The candles, placed in glass vases, decorated the head tables as well as all of the guest table centerpieces.

“We did not leave a candle untouched,” Carly says, adding that her biggest advice is to hire vendors who understand what you’re envisioning. “You have to feel comfortable, and that day there’s so much going on that the last thing you want to think about is: ‘Are the flowers here?
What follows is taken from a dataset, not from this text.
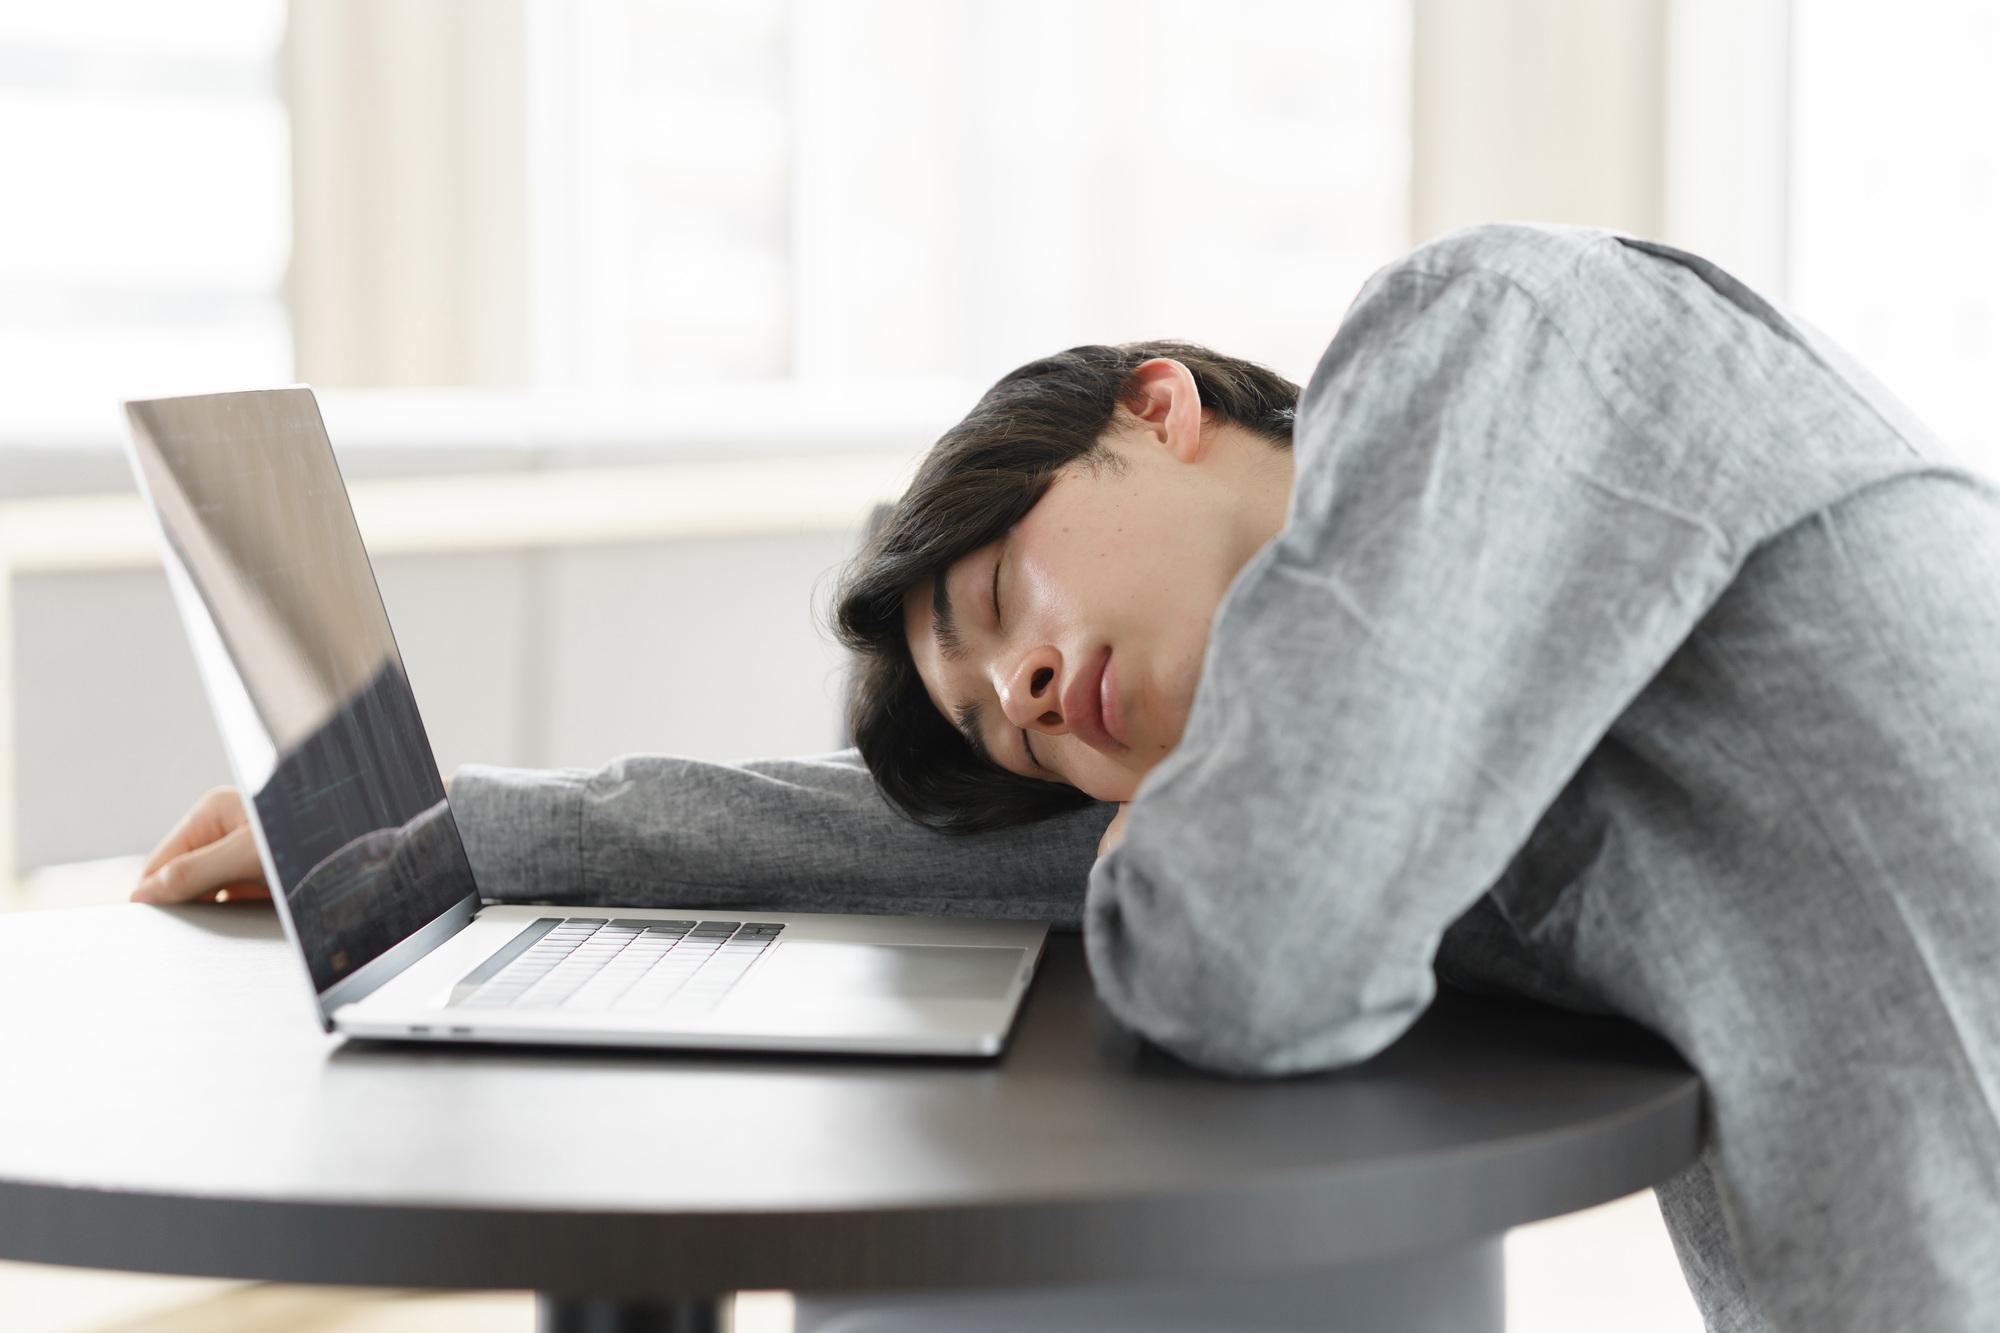 「午前中なのに眠い」は睡眠不足かも…寝だめではなく昼寝がおすすめ

Are the candles out?’”

By hiring professionals you can count on, “you can focus on the most important thing and that’s marrying your best friend.”
 


photo by angie candell photography
 

Candles started as centerpieces during Brandi and Brian Jack’s cocktail hour then became a warm accent to stone steps at twilight.

At the Plum couple’s wedding on Sept. 22 at Deertrak Golf Club in Kittanning, photographer Angie Candell knew they wanted some photos outside at night.

“I’m always up for doing something creative like that,” Angie says. “It gave it a very real feel, even though it’s fairytale-like.”

The couple cherished that twilight  image so much that a large print is now hanging above their bed.

“You have to make sure you have the right photographer,” says Brandi. “It takes somebody who really has an eye for lighting and someone who knows how to use their camera.”
 


photo by ben petchel

 

When photographer Ben Petchel noticed the natural light coming in a window at the Braddock Carnegie Library, where Ashley Frohnert and Tony Safran celebrated their wedding on Sept. 2, he used it, along with bistro lights strung across the gym, in their photos.

“It’s a really cool place,” Ashley says. “We barely had to decorate because it’s so beautiful as is.”

Ben jokes he waxed the floor to play up the reflection of the lights, but he really did help the couple, who live in Los Angeles, hang the lights.

“It felt raw and real and authentic,” Ben says. “It wasn’t anything crazy-staged. (More like,) let’s just walk around and let their personalities shine through.”

His advice to couples is to think outside the box, whether with the venue, lighting or photos.

“Don’t hesitate to stray off from the norm,” he says. “You can do it differently.”